**DATA EXCERPT**.
+---+

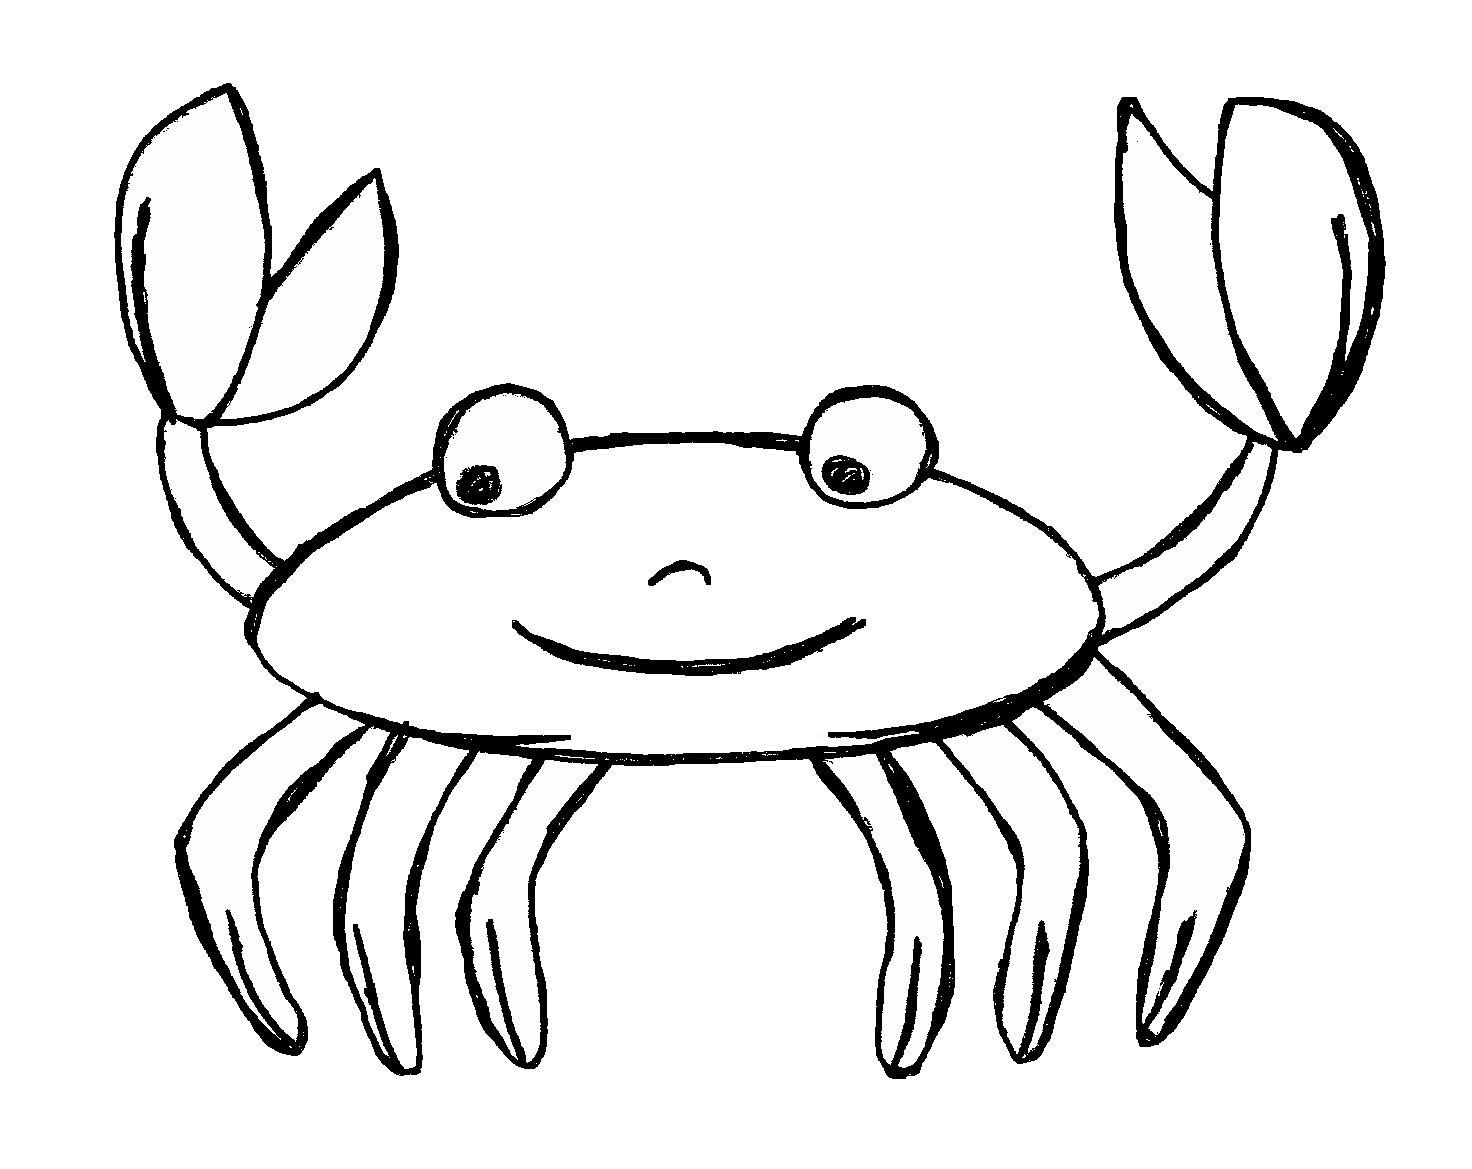 Crab clip art black and white free clipart
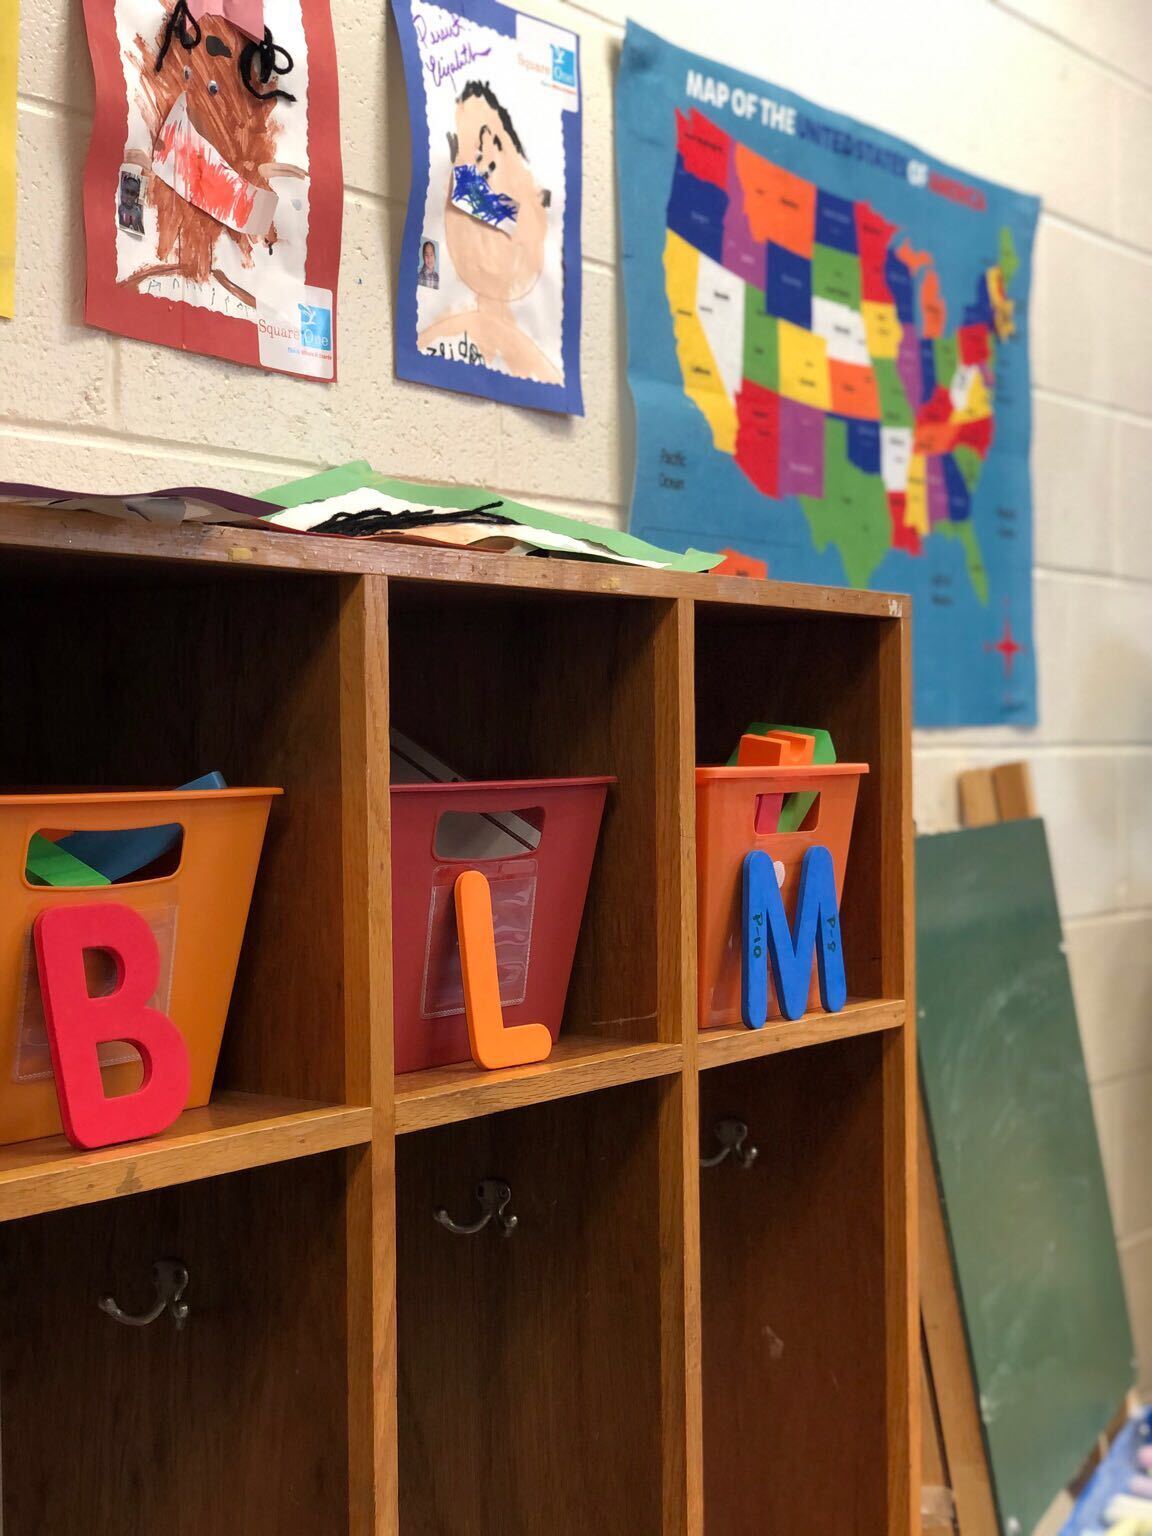 BLM letters hidden in the classroom.
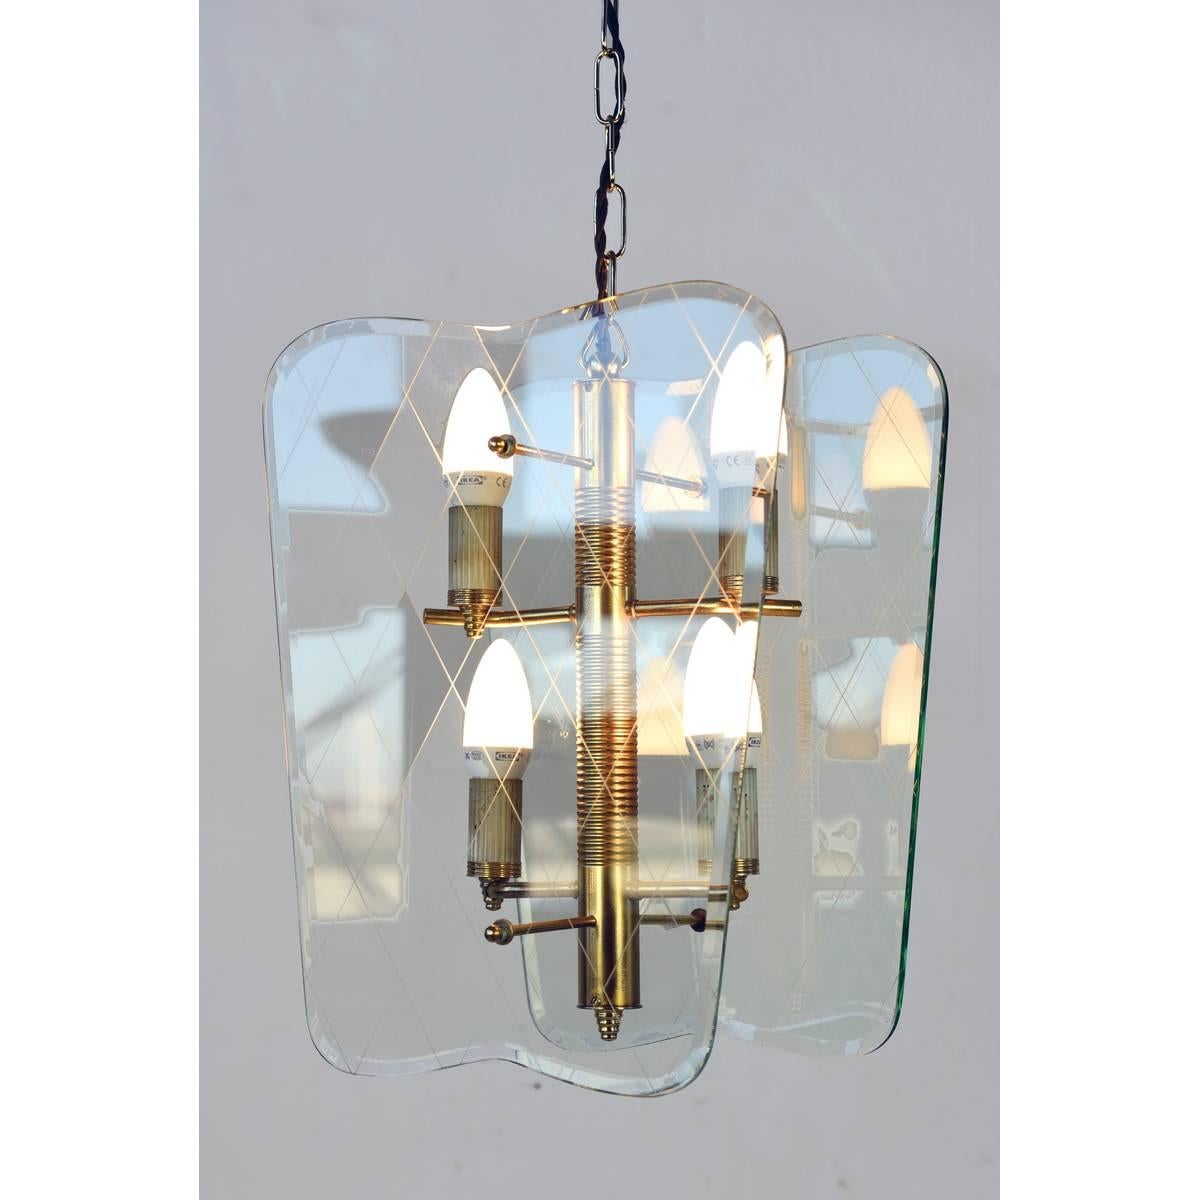 Plated 1940s Cut-Glass Pendant Lamp by Fontana Arte, Italy For Sale

+---+

**PROBLEM DETAILS**. Copy the listing above in full and exactly, but omit each picture that it holds.

**ANSWER SPACE**.
 Crab clip art black and white free clipart
 BLM letters hidden in the classroom.
 Plated 1940s Cut-Glass Pendant Lamp by Fontana Arte, Italy For Sale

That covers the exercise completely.